The story goes like this: Recently, I took on a project at the company where the process used only 3 metal layers, which is vastly different from previous ones I've worked on, such as .18 microns with 5 metal layers, 90 nm with 9 metal layers, and 40 nm with 10 layers (strictly speaking, only nine layers). This caused a lot of issues with innovus layout, and it's worth writing an article to thoroughly document the experience.

Why use so few layers of metal!

Because 1P3M is a good process In a word: money. Adding a metal layer means adding two photomasks (one for Via and one for the metal layer), which naturally increases costs. From what I've researched, 1P4M is about 30% more expensive than 1P3M.

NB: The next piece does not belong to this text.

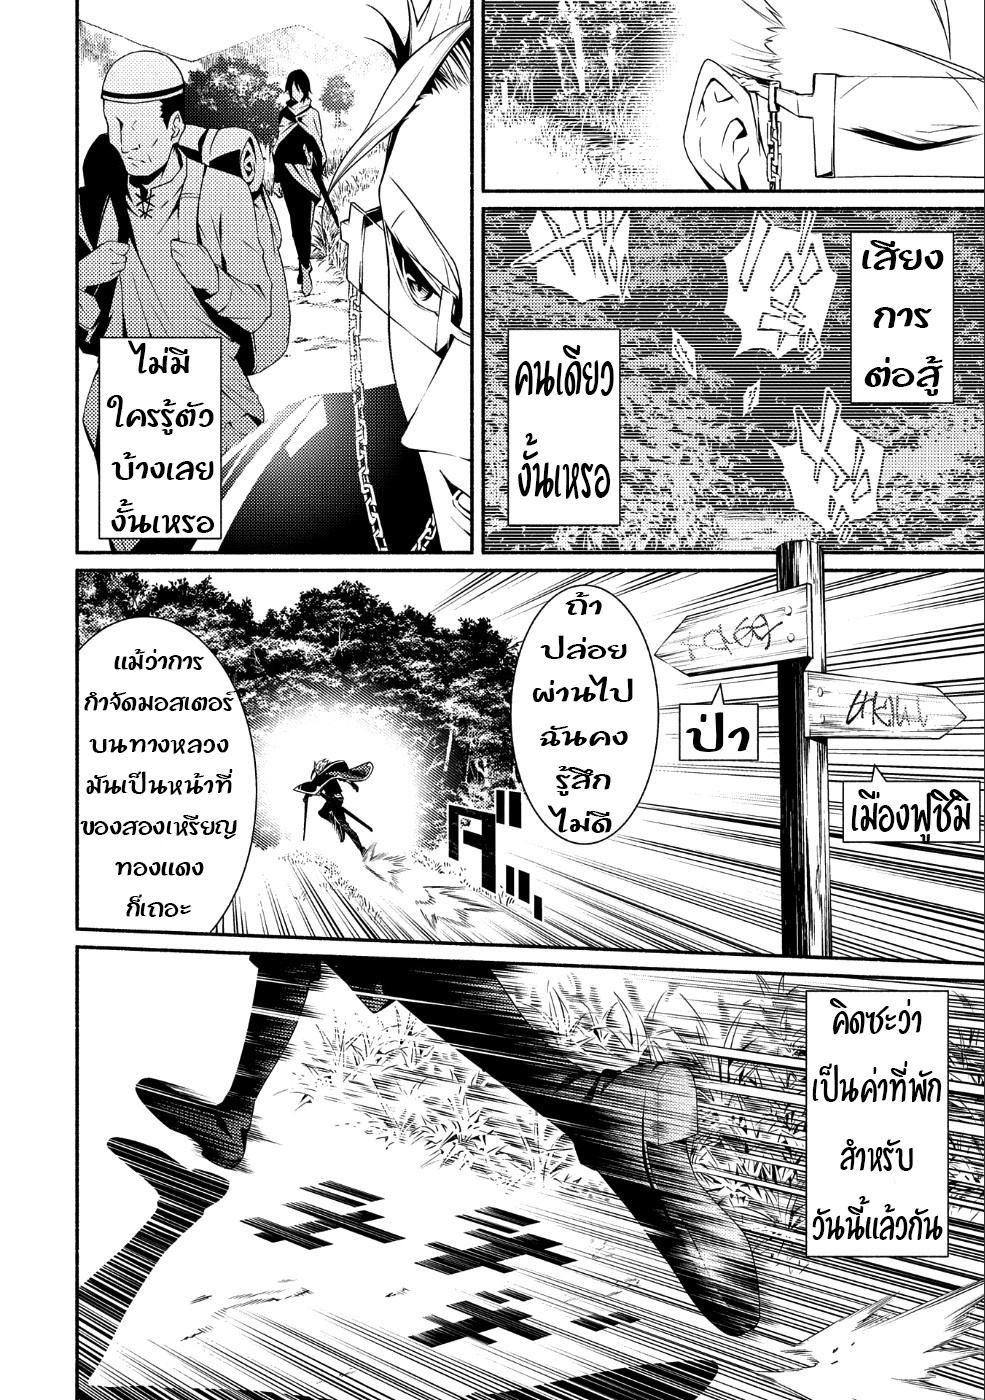 อ่านการ์ตูน Saikyou Party no Zatsuyougakari Ossan wa Muriyari Kyuuka o Tora Sareta you desu ตอนที่ 1 หน้าที่ 23
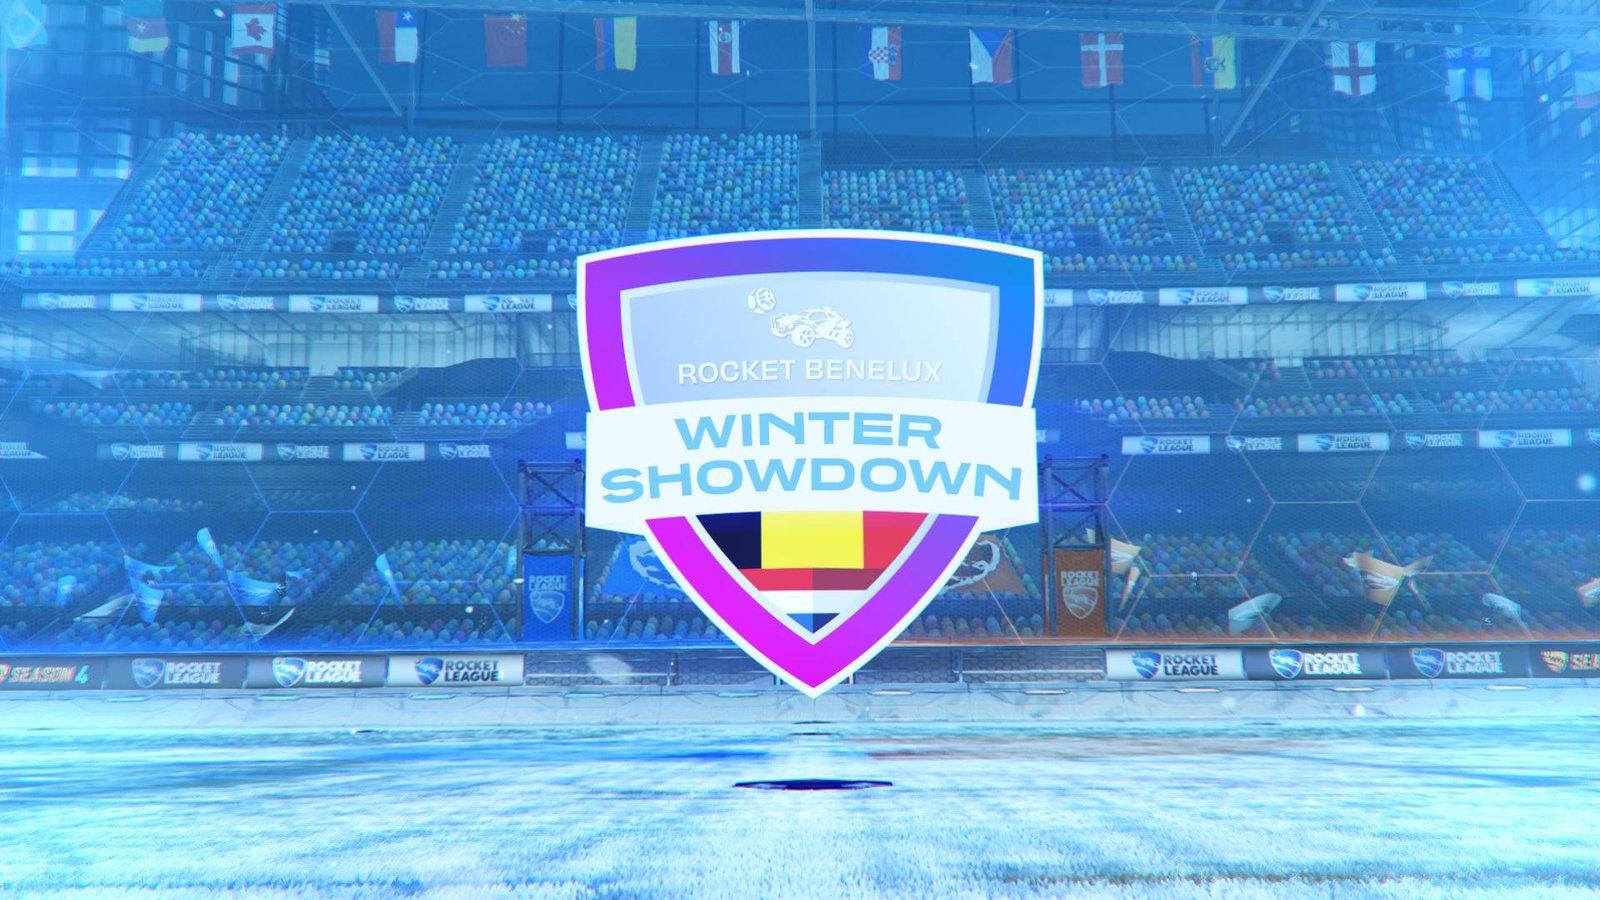 Gekwalificeerde teams Rocket Benelux Winter Showdown zijn bekend

With my limited knowledge, I guess the main photomask counts for planar MOSFET are as follows:

  • One layer for the Gate creation in the MOSFET region
  • One or two layers for Source Drain creation, depending on whether source and drain need separate processes
  • One layer for contact creation
  • Two photomasks per metal layer, one for routing and one for Via
  • The topmost metal layer has no Via, just one layer

Thus, 1P3M roughly involves (3,4)+2+2+1, totaling (8,9) layers; 1P4M adds two layers, totaling (10,11) layers, increasing costs by about 22-25%.

What to prepare during synthesis?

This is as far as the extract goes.